May 15pm COVID-19 Update – Pennsylvania American College of Physicians

May 15 (afternoon) Pennsylvania COVID-19 Update

Below:

  • Governor to announce more counties moving to yellow Friday
  • Daily COVID-19 data update

 
Governor Wolf announces more counties moving from red to yellow
On Friday, the Governor announced that 12 counties – Adams, Beaver, Carbon, Juniata, Mifflin, Perry, Susquehanna, Wyoming, Wayne and York Counties will all be able to transition to the yellow phase of reopening on May 22.
 
This will bring the state total of yellow phase counties to 49 of the 67 counties.

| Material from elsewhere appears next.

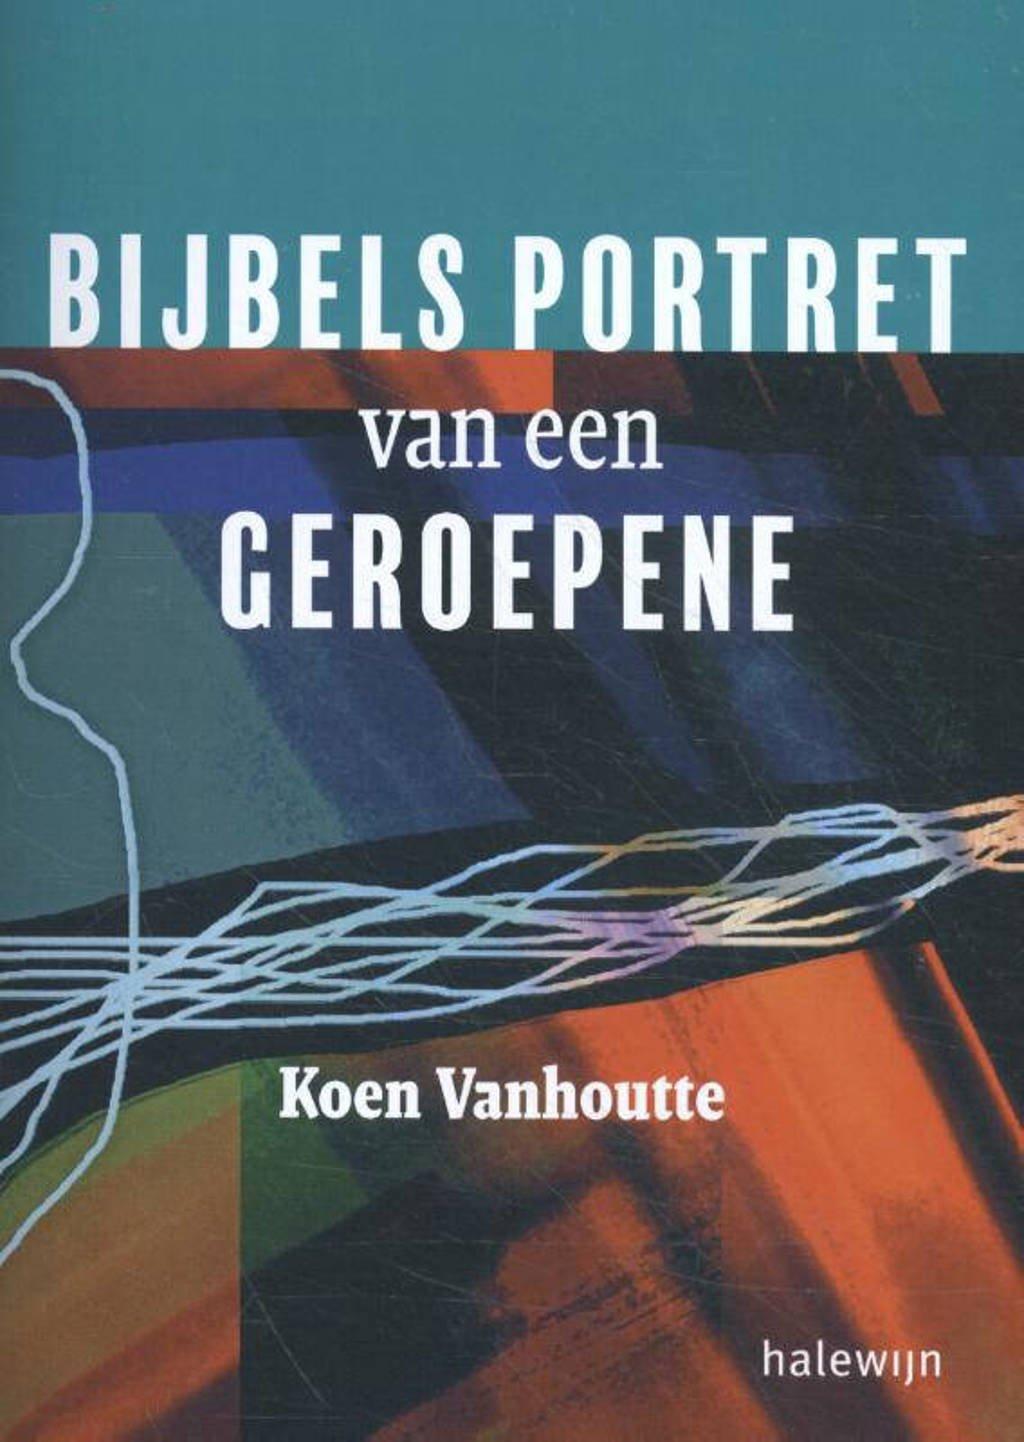 Bijbels portret van een geroepene - Koen Vanhoutte

​Wolf said, “As the leader of this commonwealth, I’m responsible for the health and safety of all Pennsylvanians, and I can’t and I will not let this virus ravage our communities – so I’ve got to take seriously the advice of scientists, of medical professionals and our epidemiologists, and that includes information laid out in the Carnegie Mellon University risk-based decision support tool report.”
 
He said data from the CMU model will be made publicly available twice a week “to help Pennsylvanians understand the risk factor where they live.” He continued to remind all that there are other subjective factors involving information from health professionals and experts that also weigh on whether counties are advanced through the reopening phases.
 
During the past week, several health care experts from around the state – including those with the University of Pittsburgh Medical Center (UPMC) Health System, the Penn State Health Milton S. Hershey Medical Center, the St. Luke’s University Health Network and the Lehigh Valley Health Network – have stated what they’re seeing on the front lines of the outbreak suggests most of the commonwealth can safely move to the “yellow” phase.
 
PA COVID-19 DATA UPDATE
On Friday, the Department of Health reported that Pennsylvania had reported 986 new confirmed positive cases in the previous 24 hours, for a total of 60, 622 confirmed cases.   
 
The death total rose to 4,342 confirmed COVID-19 deaths, an increase of 124 from Thursday’s report, all in adult patients.  2,991 of the state’s deaths, 69 percent, were nursing home residents.  There were 259,210 negative tests in PA as of midnight Thursday night.
 
At least 4,349 positive  cases in health care workers – accounting for about four percent of all positive cases.  The total figure includes 2,039 workers in nursing homes.  12,937 residents – accounting for 20 percent of all cases- are in 550 of the state’s long-term care living facilities in 45 counties.  Another 2,369 positive cases are in the food industry in 150 facilities.
 
Two percent of hospitalizations were under 29 years of age, five percent were 30-49, 10% were 50-64, 20% were 65-79 and 19% were 80+.  Forty-four percent remained unclassified per age or unreported by the Department.
 
Of the total through Monday, 33,184 positive cases (55%) were female and 26,784 (44%) were male. One percent (654)  were unreported or neither.  Among the deaths, 2,141 (50%) were males 2,183 (50%) were female with 18 not reported by sex.
 
By race, 15,163 positives were Caucasian (25%), 7,073 were African-American (12%) and 754 (1%) were Asian, with 312  listed as “Other.”  The vast majority, 37,320 (62% of all cases) remained unreported on the race of the patient.  A total of 1,640 deaths were among Caucasian victims, 498 were African American/Black, 53 were Asian and 14 were listed as other.  2,137 deaths (53%) weren’t reported by race.
 
On Friday at noon, 1,958 positive patients were hospitalized. At that time, 415 were using ventilators and 18 were on ECMO machines.  About 1,411 (38%) of the 5,199  intensive care unit (ICU) beds were available, 6,720 general medical beds (45%) were available and 1,602 (53%) of the airborne isolation rooms are still available statewide.  And 1,311 of the state’s 5,371 ventilators were in use (more than 75% of ventilators were still available.) 
 
Of the patients who tested positive to date the age breakdown was: less than 1% are aged 0-4; less than 1% are aged 5-12; 1% are aged 13-18; 6% are aged 19-24; 37% are aged 25-49; 26% are aged 50-64; and 28% are aged 65 or older. 
 
Levine said the spread of COVID-19 in Pennsylvania has peaked.  She said testing, contact tracing, case investigations and  outbreak responses are on track in all counties that went from red to yellow last week.